Men and Miscarriage
What men should know about the aftermath of a miscarriage.
The goal of every pregnancy is to bring home a healthy baby, but unfortunately not every pregnancy ends that way. Last year my wife and I experienced a miscarriage, something that occurs in approximately 10 to 20 percent of all known pregnancies. While a miscarriage is something I wouldn’t wish on any couple, I wanted to share my experiences with other men who might be going through the same thing.
My first point is obvious, but it needs to be made: you and your wife will be sad. You’ve both spent a number of months imagining a future with your baby, but after a miscarriage all of your hopes and dreams are dashed. This is very difficult, and you should understand that it’s okay to grieve for the loss of the life that you and your wife were preparing for.
While grieving, though, it’s important to be there for your wife. A huge reason for this is that, in addition to all the feelings men and women both experience, women are also often plagued by guilt that they or their body failed the baby. My wife felt this way, and though I told her it wasn’t true, that didn’t do much to placate her feelings. Eventually I realized that it was best to stop trying to “fix” the problem and instead simply offer her love, comfort, and support.

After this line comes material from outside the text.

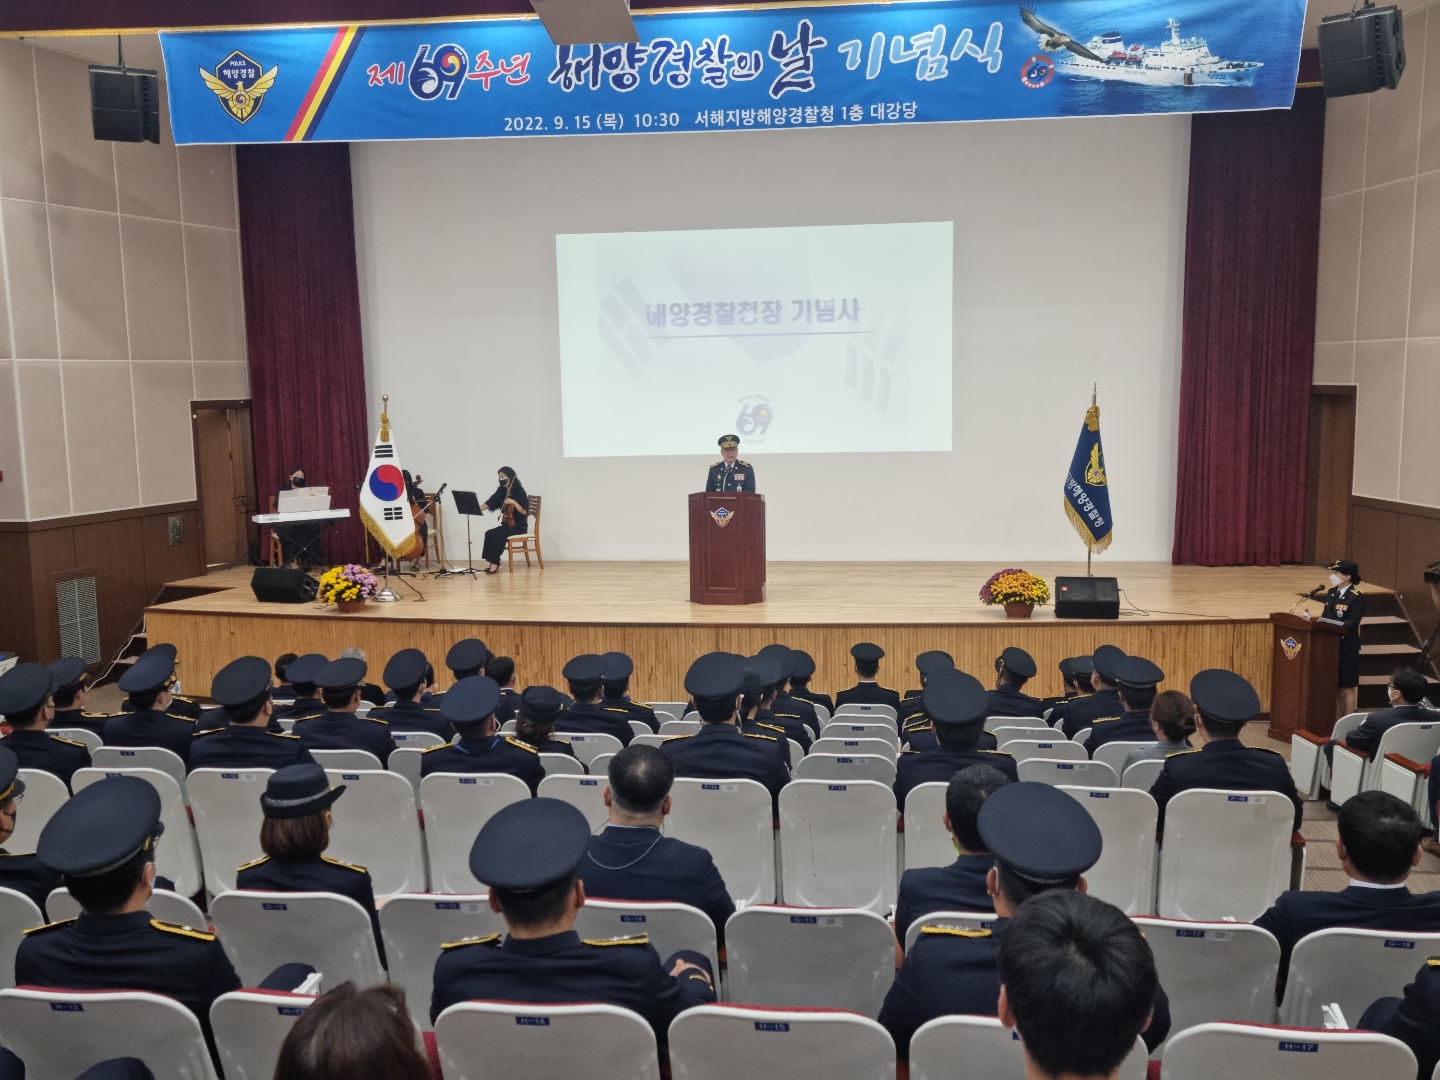 15일 전남 목포시 서해지방해양경찰청 청사 대강당에서 열린 제69주년 해양경찰의 날 기념식에서 김종욱 청장이 기념사를 하고 있다.

There’s another reason to try your best to support your wife: she will be dealing with physical pain on top of the emotional pain. In the best situation (“best,” of course, being relative to an incredibly lousy situation) a woman will have light bleeding and cramping for a couple weeks, but if she doesn’t pass the tissue she may have to have a dilation and curettage (D&C) procedure. My wife needed to have this done at our local hospital, and there’s no getting around the fact that the whole day was very depressing. A D&C is not a procedure to make you healthier (or to bring a baby into the world), but to resolve something sad. Though this day is emotionally taxing on both you and your wife, your wife will also physically experience the pain and discomfort of the procedure, not to mention the recovery period. Again, she will greatly benefit from your love, comfort, and support.
I’ve stressed the need to take care of your wife, but I must also stress the importance of taking care of yourself, too. If you need to cry, do so. If you need to talk to some one, reach out. You shouldn’t be afraid to talk to your wife about your feelings either. As someone who has experienced a number of losses with my wife, I strongly believe that we grew closer as a couple by grieving together. Don’t lock each other out on what is happening in your hearts.
Lastly, do your best to remain hopeful. Though it may not seem this way when it is happening, there will be a new beginning. Regardless of whether that is a new pregnancy or another path for your family, it’s important to look forward in hope.